## Your assignment
Two lines mark the range in the entries below: the one holding "Nip slip wedding dresses topless" and the one holding "UNO Honor Choir performance". Set down those two and all lines between them, exactly.

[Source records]
▼

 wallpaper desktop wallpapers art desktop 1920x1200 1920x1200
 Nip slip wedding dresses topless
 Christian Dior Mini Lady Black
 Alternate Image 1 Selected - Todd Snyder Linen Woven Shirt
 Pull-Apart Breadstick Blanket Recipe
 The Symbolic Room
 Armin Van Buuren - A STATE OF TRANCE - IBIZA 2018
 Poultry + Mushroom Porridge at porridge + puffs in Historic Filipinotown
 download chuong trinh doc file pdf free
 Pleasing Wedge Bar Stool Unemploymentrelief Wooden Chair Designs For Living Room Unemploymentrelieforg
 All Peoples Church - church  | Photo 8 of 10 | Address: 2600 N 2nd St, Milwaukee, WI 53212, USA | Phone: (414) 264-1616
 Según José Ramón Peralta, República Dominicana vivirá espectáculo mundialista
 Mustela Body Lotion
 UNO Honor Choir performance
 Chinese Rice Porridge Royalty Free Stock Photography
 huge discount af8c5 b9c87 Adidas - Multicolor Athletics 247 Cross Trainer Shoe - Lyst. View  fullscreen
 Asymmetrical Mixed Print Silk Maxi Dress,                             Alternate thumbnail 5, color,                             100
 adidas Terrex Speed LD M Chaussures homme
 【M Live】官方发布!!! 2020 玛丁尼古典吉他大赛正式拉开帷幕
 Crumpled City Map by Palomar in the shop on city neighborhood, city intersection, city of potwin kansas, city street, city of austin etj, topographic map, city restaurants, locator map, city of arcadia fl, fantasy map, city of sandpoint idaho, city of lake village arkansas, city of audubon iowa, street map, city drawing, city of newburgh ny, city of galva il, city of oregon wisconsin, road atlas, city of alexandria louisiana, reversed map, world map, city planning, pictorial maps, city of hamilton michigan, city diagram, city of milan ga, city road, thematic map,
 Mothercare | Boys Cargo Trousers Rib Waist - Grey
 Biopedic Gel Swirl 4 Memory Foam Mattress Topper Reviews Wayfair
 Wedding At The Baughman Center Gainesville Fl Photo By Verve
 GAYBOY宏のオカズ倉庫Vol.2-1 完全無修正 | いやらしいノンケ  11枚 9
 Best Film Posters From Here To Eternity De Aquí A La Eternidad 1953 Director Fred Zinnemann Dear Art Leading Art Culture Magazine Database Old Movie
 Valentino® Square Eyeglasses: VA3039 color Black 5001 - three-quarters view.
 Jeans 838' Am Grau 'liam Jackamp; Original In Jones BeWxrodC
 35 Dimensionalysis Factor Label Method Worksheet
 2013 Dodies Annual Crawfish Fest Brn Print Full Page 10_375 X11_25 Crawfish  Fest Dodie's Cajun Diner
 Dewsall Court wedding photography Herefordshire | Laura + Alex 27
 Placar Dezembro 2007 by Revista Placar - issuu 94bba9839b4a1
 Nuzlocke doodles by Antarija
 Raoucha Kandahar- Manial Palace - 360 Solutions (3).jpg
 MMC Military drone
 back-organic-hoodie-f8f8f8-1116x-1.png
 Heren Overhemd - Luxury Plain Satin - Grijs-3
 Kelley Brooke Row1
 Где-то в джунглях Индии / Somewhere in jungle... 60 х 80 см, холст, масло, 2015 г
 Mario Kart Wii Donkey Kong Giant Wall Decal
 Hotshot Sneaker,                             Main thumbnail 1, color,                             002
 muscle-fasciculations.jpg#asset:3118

▲

## Expected answer
 Nip slip wedding dresses topless
 Christian Dior Mini Lady Black
 Alternate Image 1 Selected - Todd Snyder Linen Woven Shirt
 Pull-Apart Breadstick Blanket Recipe
 The Symbolic Room
 Armin Van Buuren - A STATE OF TRANCE - IBIZA 2018
 Poultry + Mushroom Porridge at porridge + puffs in Historic Filipinotown
 download chuong trinh doc file pdf free
 Pleasing Wedge Bar Stool Unemploymentrelief Wooden Chair Designs For Living Room Unemploymentrelieforg
 All Peoples Church - church  | Photo 8 of 10 | Address: 2600 N 2nd St, Milwaukee, WI 53212, USA | Phone: (414) 264-1616
 Según José Ramón Peralta, República Dominicana vivirá espectáculo mundialista
 Mustela Body Lotion
 UNO Honor Choir performance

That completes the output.